Problems 16-3: Acyclic subgraphs

Let G = (V, E) be an undirected graph. Using the definition of a matroid, show that (E,ℓ) is a matroid, where A ∈ℓ if and only if A is an acyclic subset of E.
The incidence matrix for an undirected graph G = (V, E) is a |V | × |E| matrix M such that M_ve = 1 if edge e is incident on vertex v, and M_ve = 0 otherwise. Argue that a set of columns of M is linearly independent over the field of integers modulo 2 if and only if the corresponding set of edges is acyclic. Then, use the result of Exercise 16.4-2 to provide an alternate proof that (E,ℓ) of part (a) is matroid.
Suppose that a nonnegative weight w(e) is associated with each edge in an undirected graph G = (V, E). Give an efficient algorithm to find an acyclic subset of E of maximum total weight.
Let G(V, E) be an arbitrary directed graph, and let (E,ℓ) be defined so that A ∈ℓ if and only if A does not contain any directed cycles. Give an example of a directed graph G such that the associated system (E,ℓ) is not a matroid. Specify which defining condition for a matroid fails to hold.
The incidence matrix for a directed graph G = (V, E) is a |V |×|E| matrix M such that M_ve = -1 if edge e leaves vertex v, M_ve = 1 if edge e enters vertex v, and M_ve = 0 otherwise. Argue that if a set of columns of M is linearly independent, then the corresponding set of edges does not contain a directed cycle.
Exercise 16.4-2 tells us that the set of linearly independent sets of columns of any matrix M forms a matroid. Explain carefully why the results of parts (d) and (e) are not contradictory. How can there fail to be a perfect correspon dence between the notion of a set of edges being acyclic and the notion of the associated set of columns of the incidence matrix being linearly independent?

Problems 16-4: Scheduling variations

Consider the following algorithm for the problem from Section 16.5 of scheduling unit-time tasks with deadlines and penalties.
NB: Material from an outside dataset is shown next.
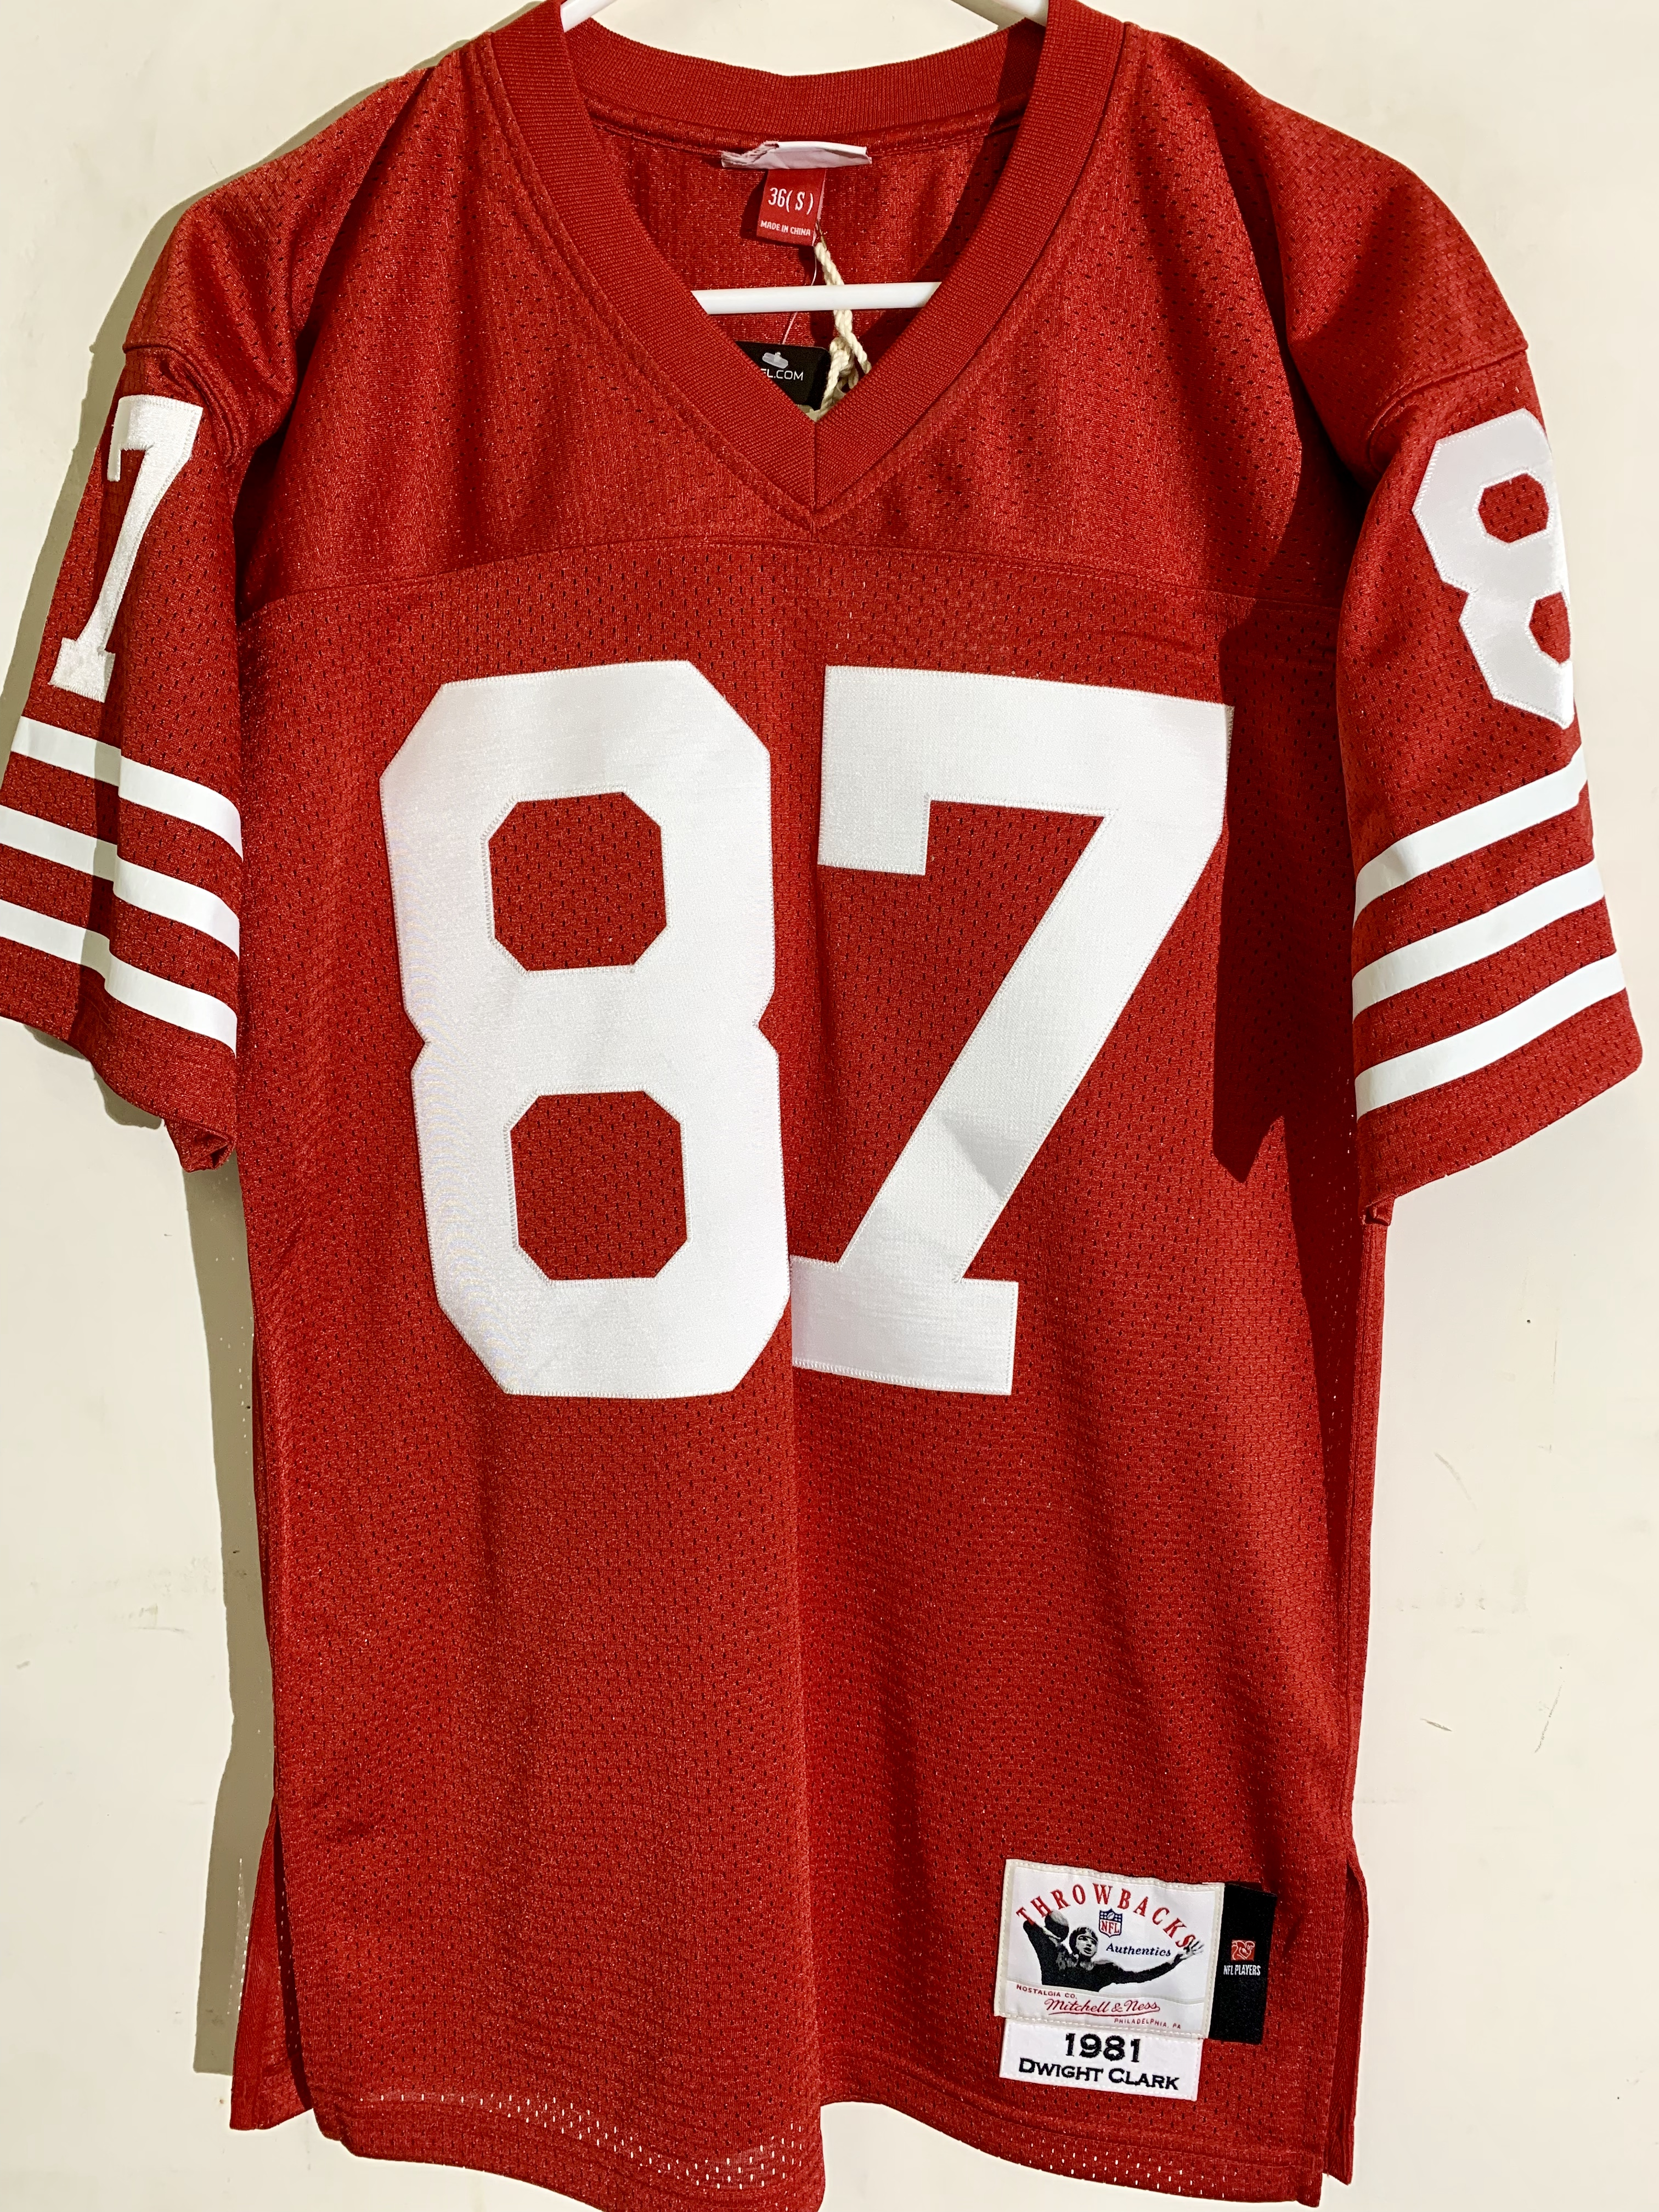 a3c6b5c9b Reebok Authentic NFL Jersey San Francisco 49ers Clark Red sz 36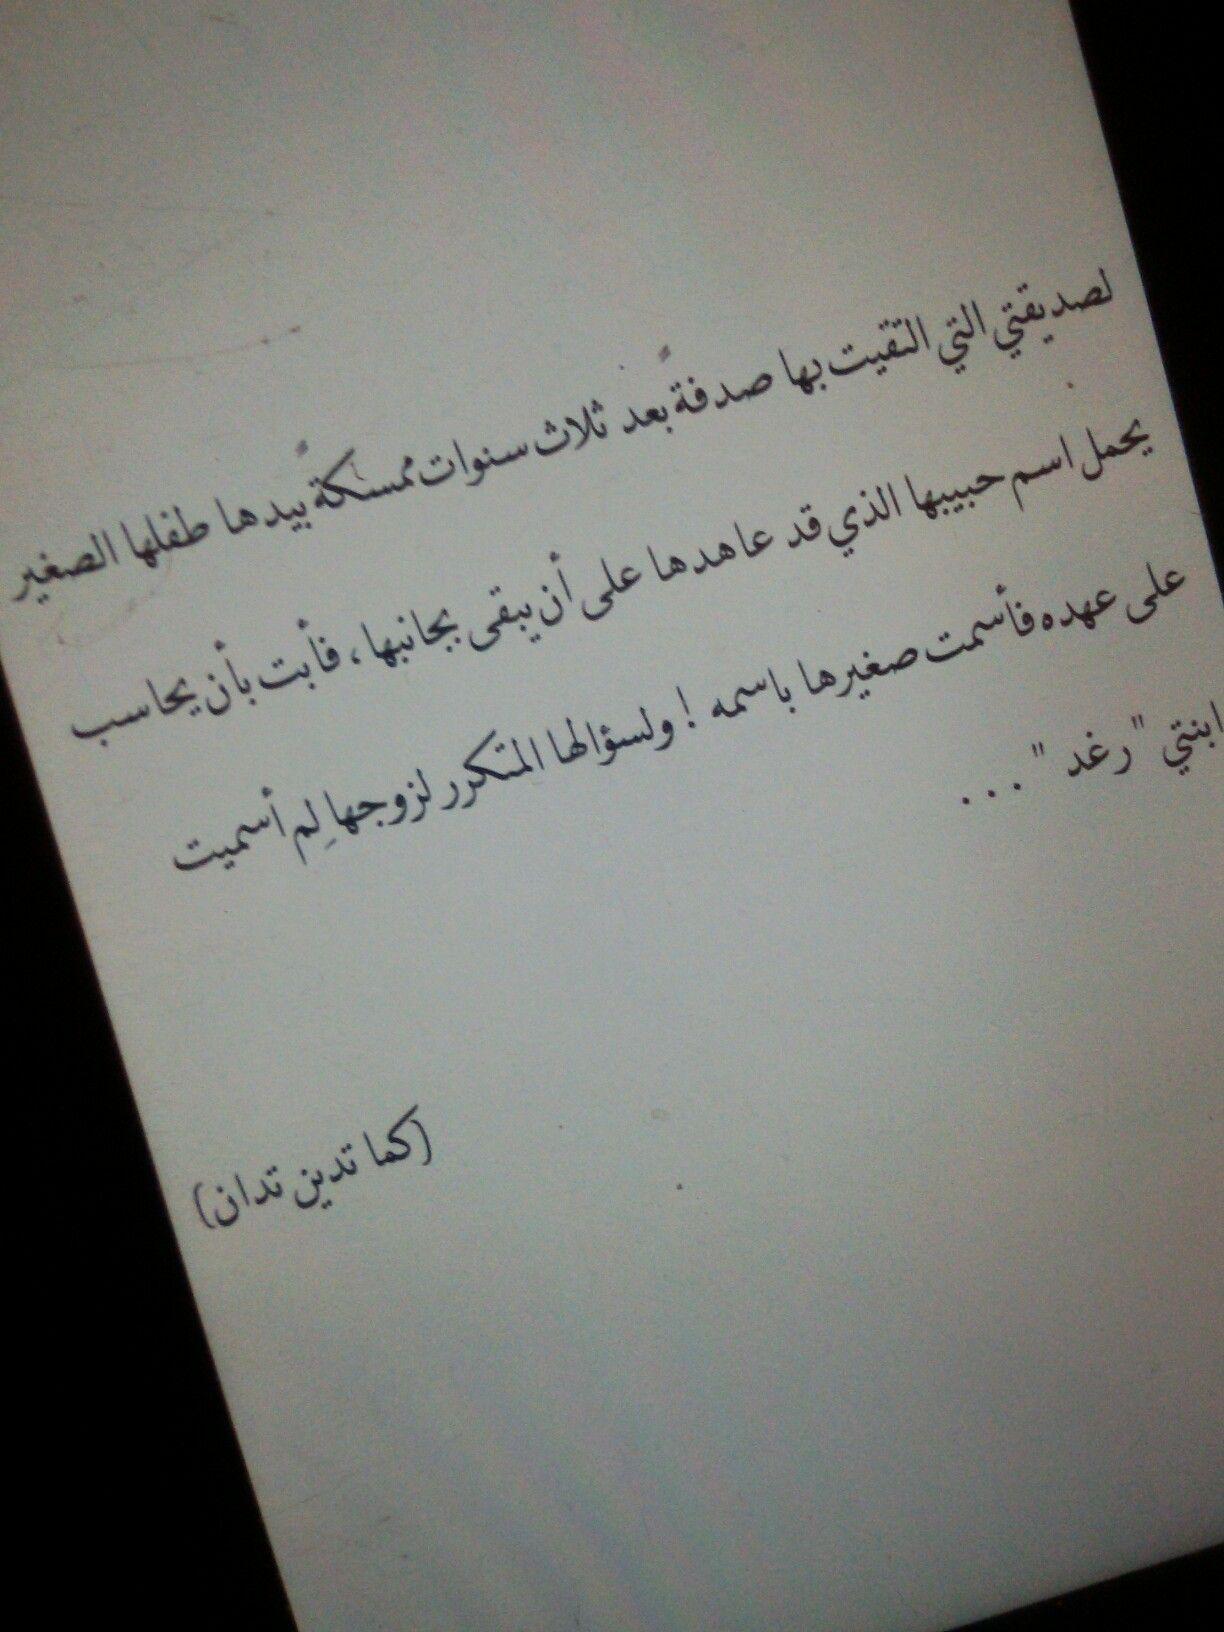 بداية مؤثرة كتاب شبهة هديل قاسم Tattoo Quotes Math Arabic Calligraphy

Let all n time slots be initially empty, where time slot i is the unit-length slot of time that finishes at time i. We consider the tasks in order of monotonically decreasing penalty. When considering task a_j , if there exists a time slot at or before a_j 's deadline d_j that is still empty, assign a_j to the latest such slot, filling it. If there is no such slot, assign task a_j to the latest of the as yet unfilled slots.

Argue that this algorithm always gives an optimal answer.
Use the fast disjoint-set forest presented in Section 21.3 to implement the algorithm efficiently. Assume that the set of input tasks has already been sorted into monotonically decreasing order by penalty. Analyze the running time of your implementation.